Another argument that proves to be less effective to me is one that Sampson makes in a couple of cases, where he essentially doesn't argue the point at all. He states that since the nativists bother to argue a given point, it proves that the point isn't self-evident, which means that empiricism must be the cause of the particular phenomenon. In other words, if you argue the point, you must be incorrect, because if you were correct, you wouldn't bother to argue it. This seems to me the old witch trial (float and you're a witch and deserve to die; drown and you probably aren't a witch).

I am actually finding myself more persuaded in some ways by Pinker as I review these points. But there is much to find disingenuous in the nativists cause as well. Sampson notes some disturbing things with regard to the research done on the family who couldn't learn grammar that Pinker talks about. The family lacks a grammar gene supposedly--or does it? Sampson points out that the family, if you actually look closely, by and large tests lower than average on IQ tests; grammar isn't the only problem--it's not isolated. (The family members with grammar problems average 85 in IQ; average population is around 100; then again, Sampson doesn't address the anomaly of at least one that supposedly scored 110 among the problem grammar group.)

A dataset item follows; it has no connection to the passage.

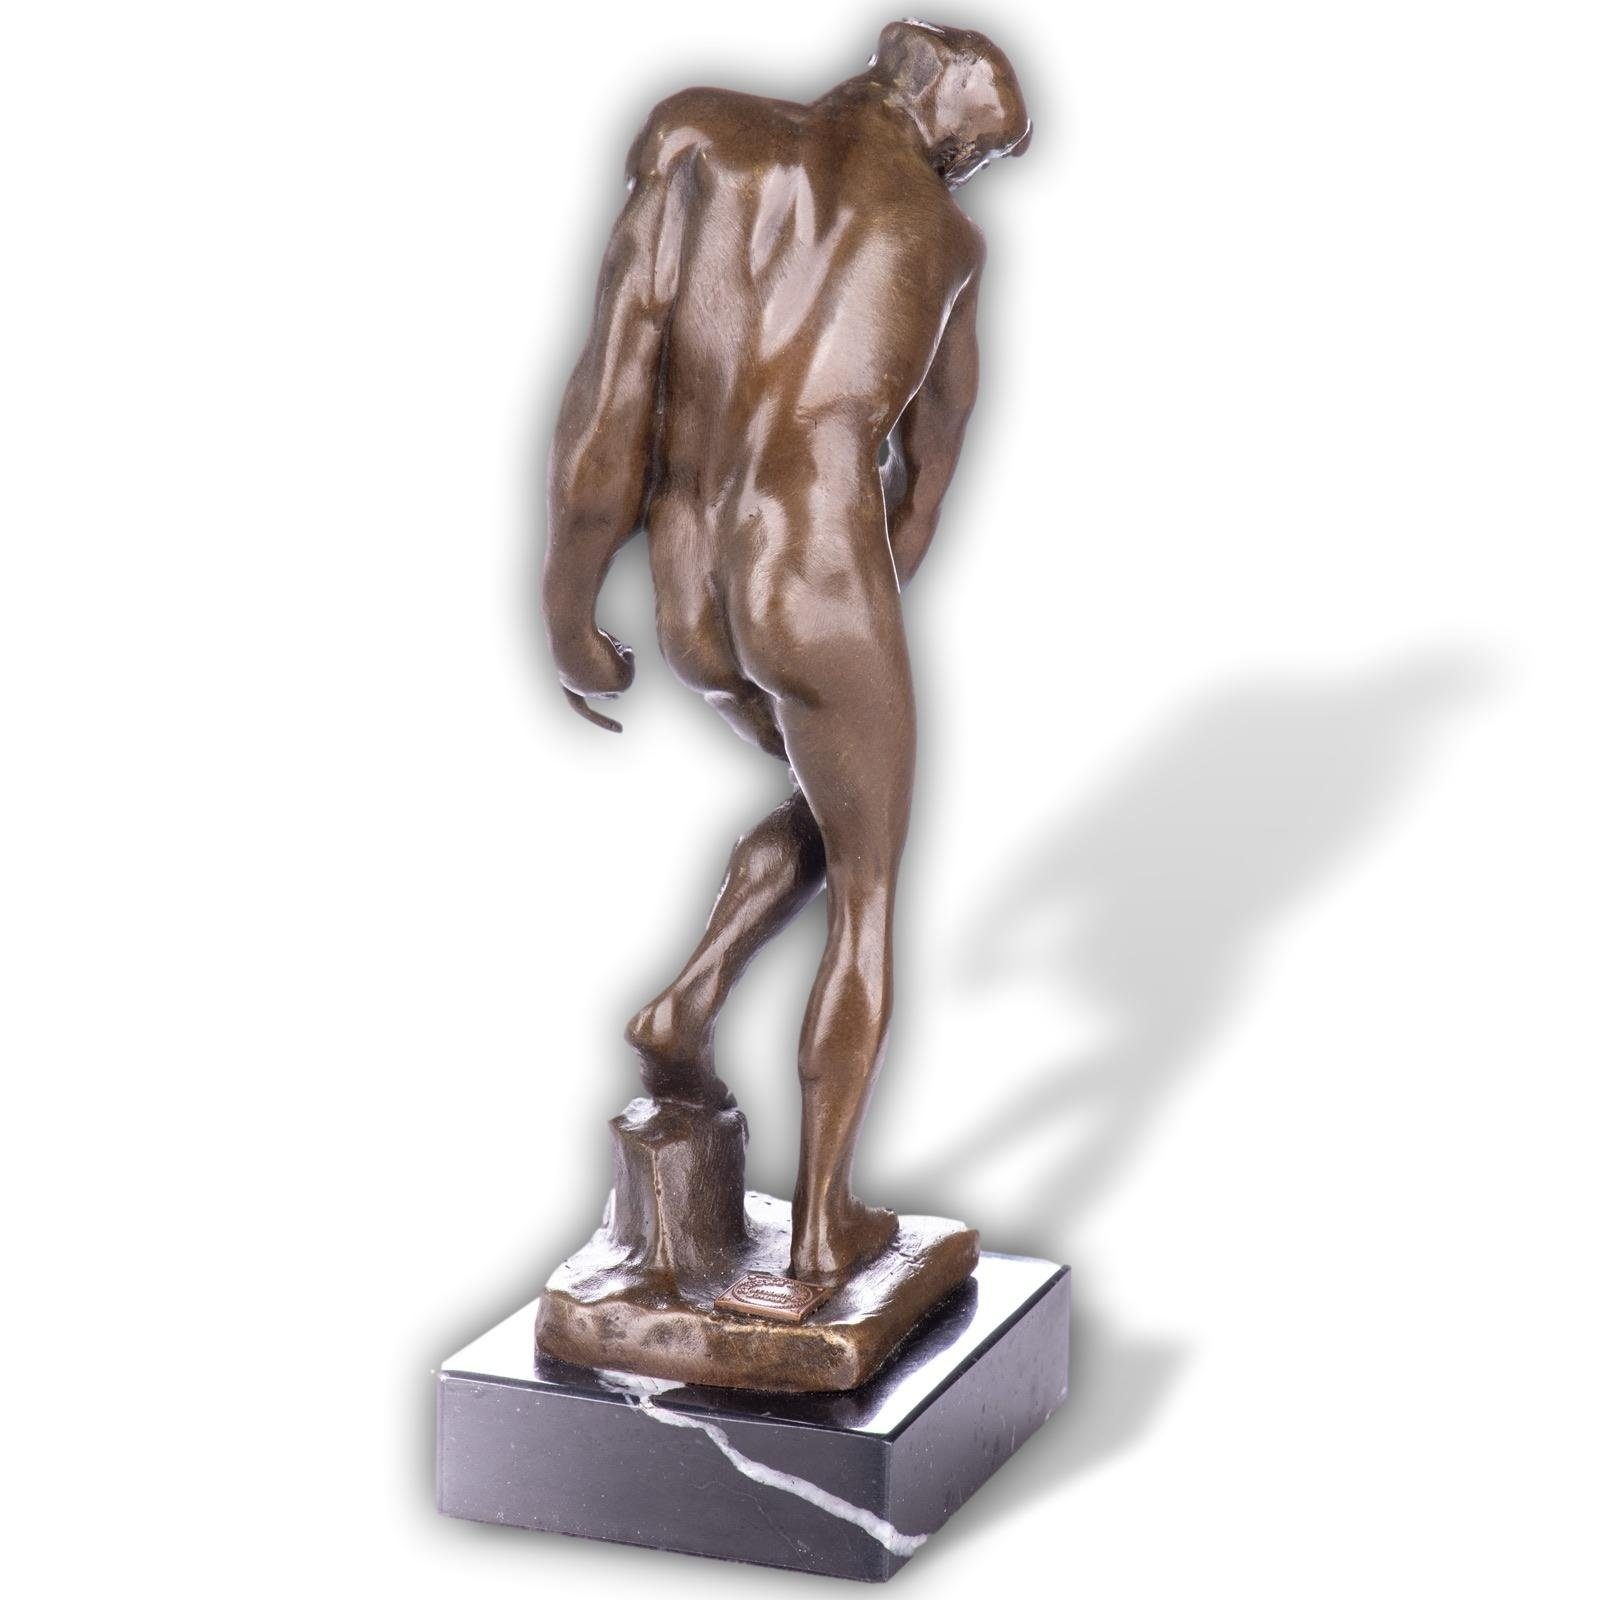 Aubaho Skulptur Skulptur Bronze nach Adam Rodin Kopie 20cm Akt Replik Antik-Stil Figur

Pinker does a lot of pulling sentences around to trace elements as we move from a statement to a question, and uses this part of grammar to prove his instinct point. He also talks of sentences not being about to house phrases inside of a phrases. It was a discussion that interested me little, and Sampson's pointing out that these points seem highly artificial--and not even necessarily true--made sense to me.

But Sampson's main concern is that Pinker and Chomsky are, in his mind, arguing from a Platonic point of view wherein there is limited knowledge, all of which is already known, and that all we are doing is "remembering" it. Taken to this extreme, I wouldn't be able to side with the nativists either. But taken to the other extreme, that we can create something from nothing, I don't think I can side with Sampson either.